Espelhos (clique)

Por: José Carlos Sebe Bom Meihy


Mestre Sebe, consagrado internacionalmente como especialista em história oral, foi conhecer in loco as peripécias de um baile funk. Escondido atrás de um bonezinho, lá foi ele morro a cima conhecer uma parte do Rio de Janeiro desconhecida por acadêmicos e pela elite que finge ignorar o paradeiro dos filhos nos fins de semana.

Não costumo pedir licença aos meus filhos e netos para algumas aventuras que causam estranheza. Atravessei a fronteira do México com o mesmo desempenho que fui a uma visita a Daslu. Freqüento quadras de Escolas de Samba com a mesma desenvoltura que visito museus.
Valente, porém, achei que para me sentir morador do Rio de Janeiro seria pelo menos fundamental ir a uma festa popular “autêntica”. Foi assim que decidi por um baile funk. E dos bons. Logicamente, não iria sozinho e nem chegaria ou como turista. Nem é preciso dizer como tive que me esforçar para não parecer tão branco, tão careca, tão idoso. Resolvi assim: iria de camisa preta e calça jeans, com um bonezinho destes de abas que taparia tanto a careca como os últimos fios de cabelos brancos. Tênis velho é claro. E muita adrenalina para acompanhar o grupo de mais quatro jovens, sendo dois da “comunidade”.
É evidente que sem este esquadrão não só me faltaria coragem como naturalidade para entrar. O local indicado era o fabuloso Castelo das Pedras que fica no coração da favela Rio das Pedras. Fomos de carro, mas havia vans em profusão e uma seqüência incalculável de ônibus. Vi também carros elegantes que, contudo, eram mais de moçoilos da zona sul. O enorme estacionamento dava dimensão do que viria a seguir, pois este é o mais famoso dos cerca de 100 bailes funks que acontecem por aqui nos finais de semana.

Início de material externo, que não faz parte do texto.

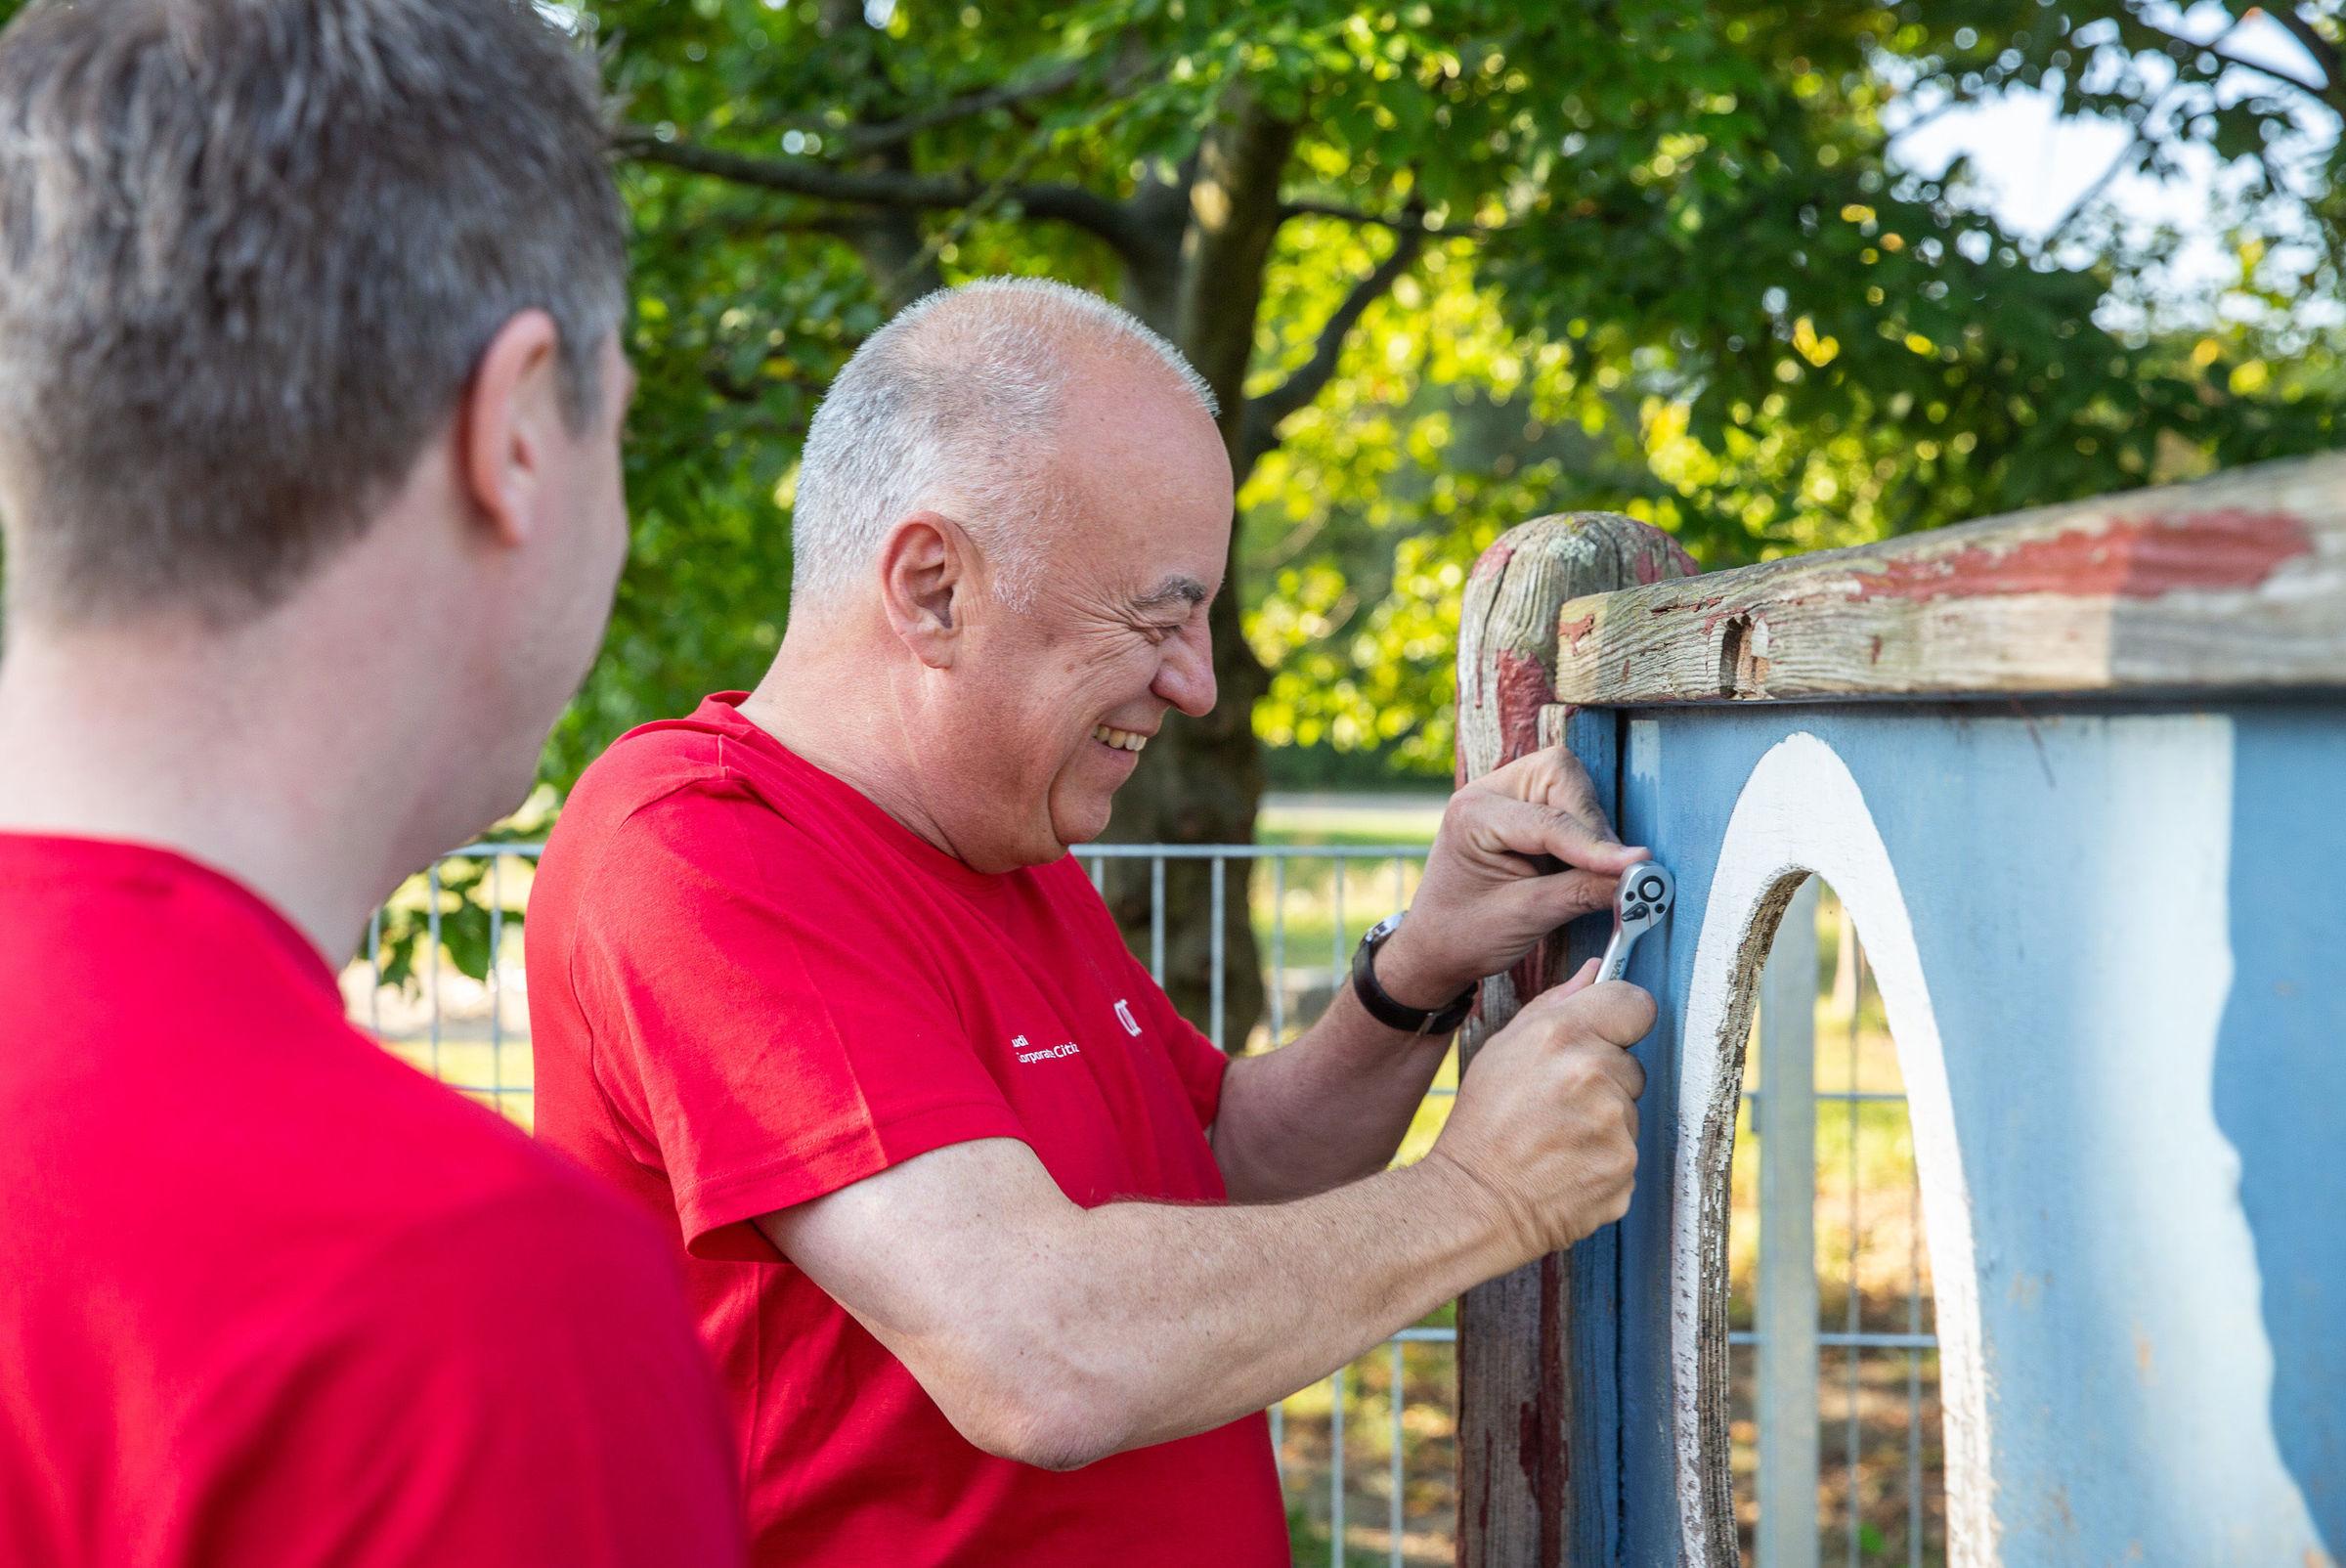 Audi Volunteer Day 2021, digital and analog: employees help in Ingolstadt and Neckarsulm - Image 3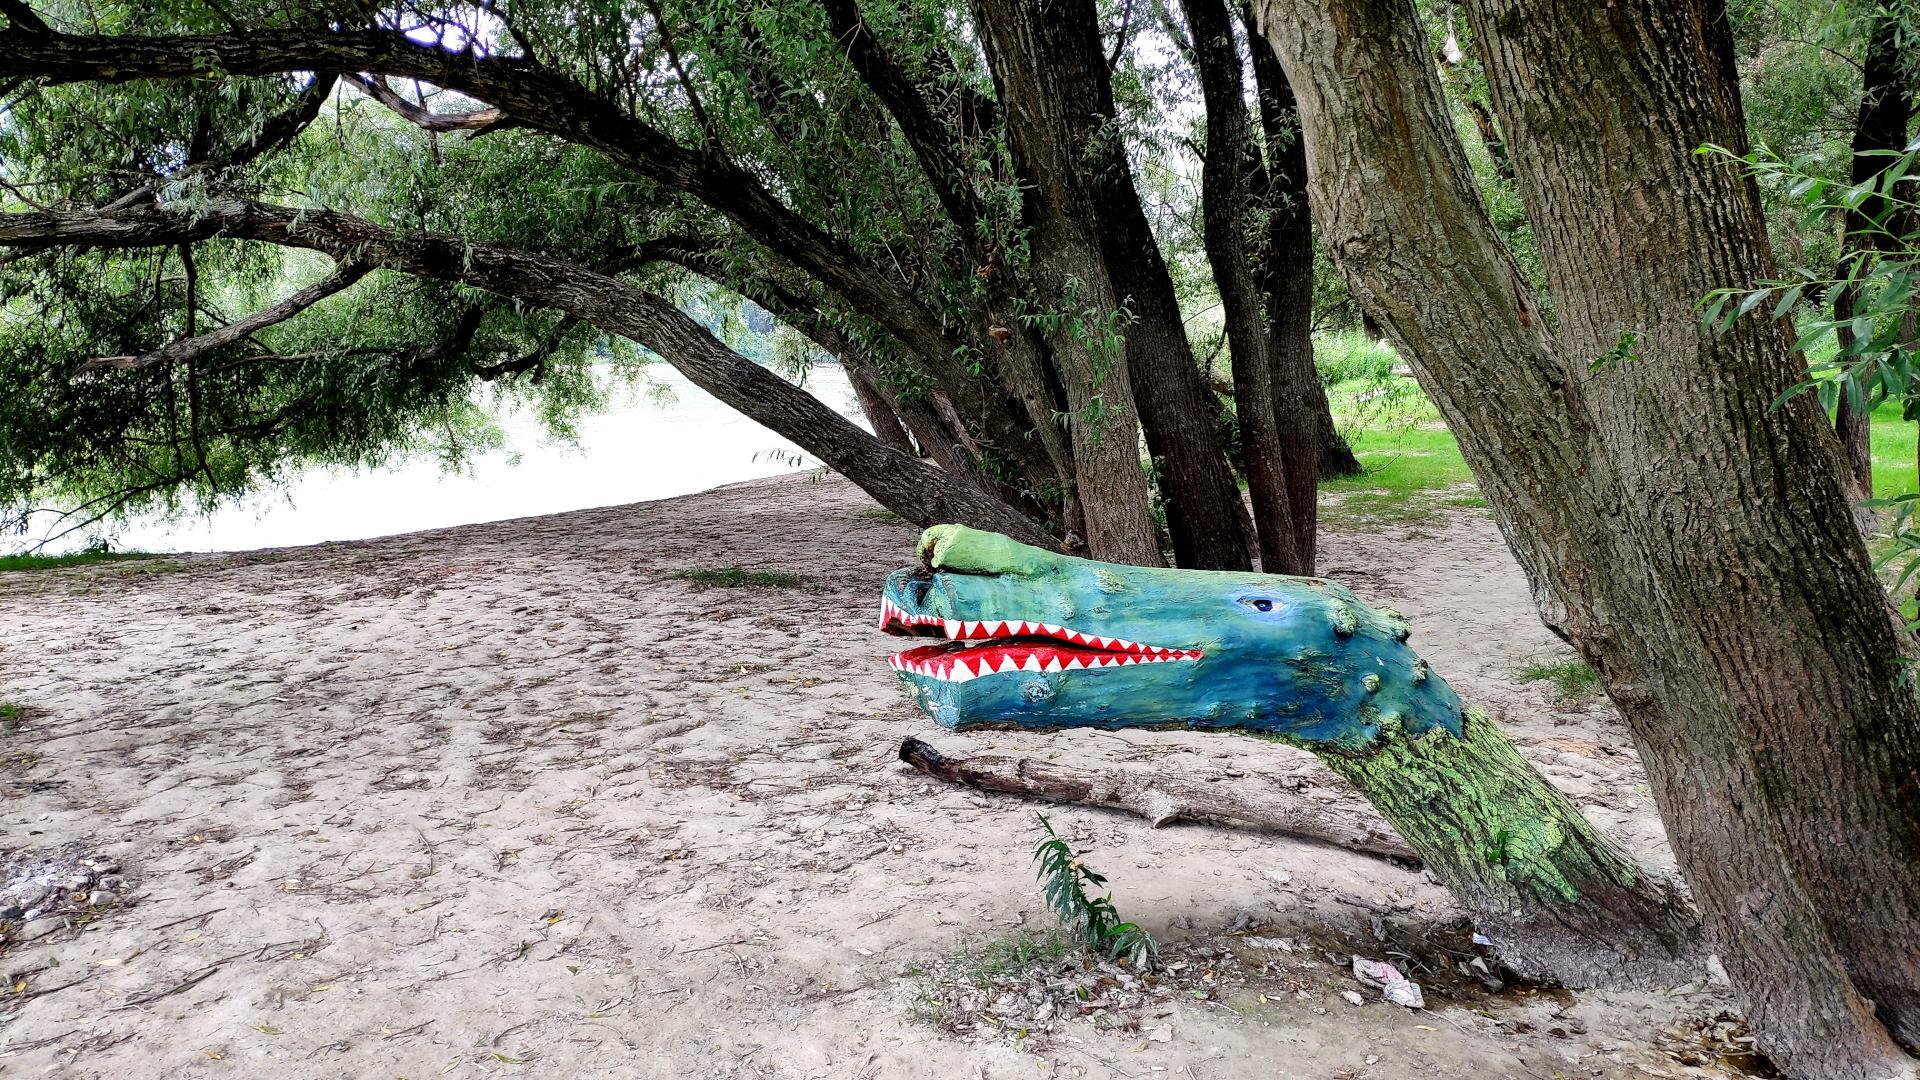 krokodil fatörzsből

O enorme salão abriga cerca de cinco mil pessoas, mas confesso que parecia ter o dobro. A altura do som é indizível. Creio nunca ter ouvido algo tão eficiente e mesmo horas depois ainda o zumbido das músicas – músicas? – me aturdiam. Mas como valeu a pena!
Desde que passamos pela revista da porta, senti-me algo libertado. Entendi melhor o que os antropólogos dizem sobre a “inversão de valores”.
Sim, lá dentro todos pareciam iguais e eu até me senti meio amulatado. E mais jovem diga-se, pois a dança envolve a todos e os corpos tão juntos obedecem a um impulso mais ou menos natural onde se chacoalha tudo e jogam-se os braços para cima. Entrar num bonde foi automático. E lá estava eu no meio da turma.
Em alguns minutos eu não era mais o respeitável senhor que serve à minha persona, mas um funkeiro que envergonharia minha prole. Mas não tinha jeito de ser diferente. O calor asfixiante justificava a pouca roupa da galera que se mexia muito a vontade. Tudo era tão natural que a propalada sem-vergonhice – que existia – não descontextualizada era quase normal. E de repente não tinha mais rico ou pobre, bonito ou feio, bem ou mal vestidos. Havia o funk.

Felizmente a casa tem dois andares e em cima há um terraço onde entre uma chacoalhada e outra a gente pode tomar um arzinho e ouvir o mais legítimo carioquês. E como me fez sentido aquele jeito estapafúrdio de falar. Sabe, até eu estava surfando na onda das pattys, tigressas, popozudas e cacthorronas, dos pitchadores e muluquentos. Entendi tudo.
Se é verdade inequívoca que o tom dominante é machista, não há também como deixar de reconhecer que nesta zona de alegria não houve brigas, não senti a presença de bandidos ou gangs aterrorizantes e tudo era aceitavelmente neutro. Também fiquei sem entender o sentido divisório de bailes “funks A” e “bailes funks B”. Se os “As” são os dos ricos, e “Bs” dos pobres, ali não dava para delinear frações. Democracia. Havia de tudo e todos eram mais iguais que em outros lugares. E sabe que não é caro. Sequer as bebidas são fora de tabela. E a luz é tão bem planejada que a feiúra do local não aparece. De brinde, imaginem, banheiros limpos.

No espírito da “casa”, entendi o sentido da felicidade urbana carioca. Politicamente incorreta, antifeminista, sem nenhuma sofisticação, este é um ponto fundamental para quantos querem conhecer a intimidade carioca e nela entender um pouco mais de uma cidade que se mostra diferente dos cartões postais. E viva o funk que só poderá ser compreendido nos lugares que lhes são próprios. No Rio de Janeiro.